The next step was to cut these sides so they interlocked perfectly. I took some offcuts of the sides, and slowly tweaked the setup of my table saw (height and distance from blade to fence) to dial in the perfect setup. I  actually had to do this twice, as on my first attempt I went past the ideal stage and so ruined my offcuts! Two passes per piece, one with the wood flat and one with it standing up, cut out the perfect notch. I intentionally cut it a fraction tight, then after assembly I used some sandpaper to work at each edge to get the fit absolutely perfect.


You can see the notches in this picture:


MicrosoftTeams-image (16).jpg


Once the sides had their notches, I placed them together and taped down both sides with some extra wide painters tape. I then went back to the table saw, and cut the sides to length, with the blade at 45 degrees to get the mitre.

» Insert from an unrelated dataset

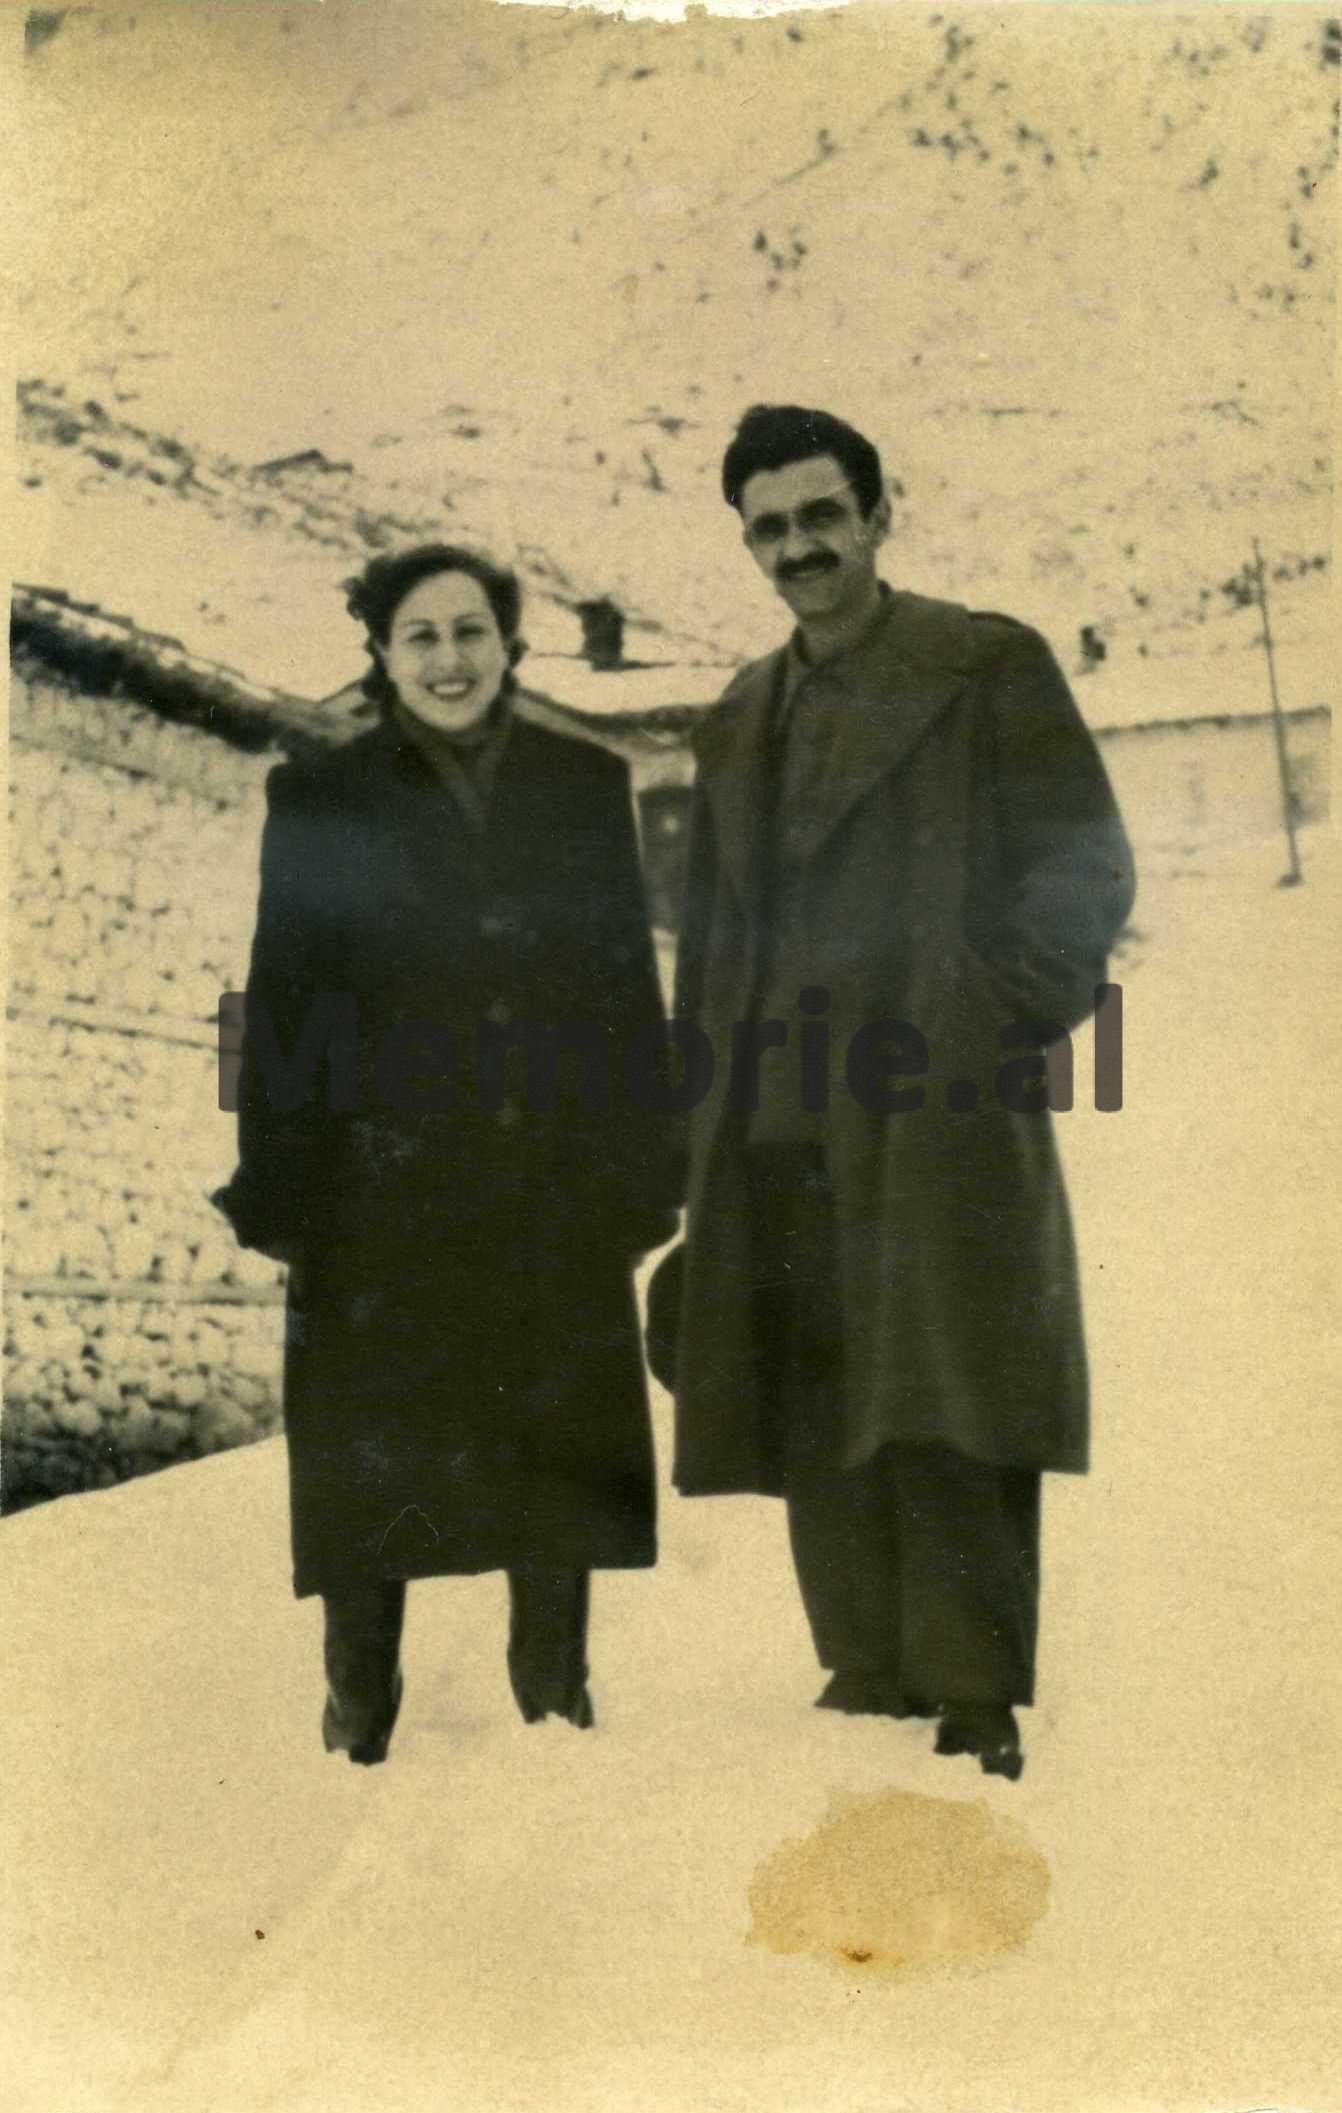 Me-bashkeshorten-Vezire-Batalli-Manço.-Bulqize-1958

I also cut a groove in the bottom piece to allow a floating bottom, and a notch in the top to allow the top to be inserted.


Once all of this was done, and the top and bottom were cut to size, I did my first round of sanding. I sanded all inside surfaces, and the outside of the bottom. I did it before assembly, as it's easy to use an orbital sander to sand at this point, but after assembly it would require hand sanding, which would take far longer and be far more fiddly! 


Then it was time for assembly! I assembled the top and bottom separately, to ensure I didn't accidentally glue them together! I used corner clamps I made using 3D printed corners and ratchet straps, to pull all four corners together tightly, to get the best possible mitre. I inserted the floating bottom while I was doing this glue-up, but waited until the top sides were glued together, before tweaking the fit of the top piece and gluing it in. I also glued in the centre divider once the bottom was glued.


Next up were the mitre splines - I used a jig I had already made to cut the slots on my table saw, with a flat ground blade. Using the table saw and band saw I fashioned the splines, then hammered them in with some glue. I used a Japanese hand saw to cut the splines almost flush, then sanded the outside of the box on all sides, to get down to flush. I did this with the lid on, to ensure the lid lined up perfectly with the sides.


MicrosoftTeams-image (15).jpg


Finally, I made the handle. Similarly to the sides, I first glued the contrast wood to the main part of the handle. Then I used a combination of hand saw and bench top sander to bring the contrast wood flush with the main part. I then used the table saw to cut the angles, including the groove in the top of the handle that holds the recipe card up, while you cook. I glued the handle to the top using wood glue, but used the old trick of a few drops of super glue to act as a clamp, as it was hard to get any normal clamping pressure on it.


I gave everything a final sanding, then finished with food-grade mineral oil and then butchers block conditioner. This is the same way I'd finish a cutting board - completely food safe - so that if you want to, you could eat off it! After the finish had set a bit, I wrapped the box and gave it away to a very happy family member!

Retired Team Member
Retired Team Member

Re: D.I.Y. recipe box

Another fantastic project @bullfrogchamps!


I am loving the contrast pieces that really make your fine craftsmanship shine. I am sure your family member was extremely appreciative of the time and hard work you put into this gorgeous recipe box. 


Looking forward to seeing your next creative project.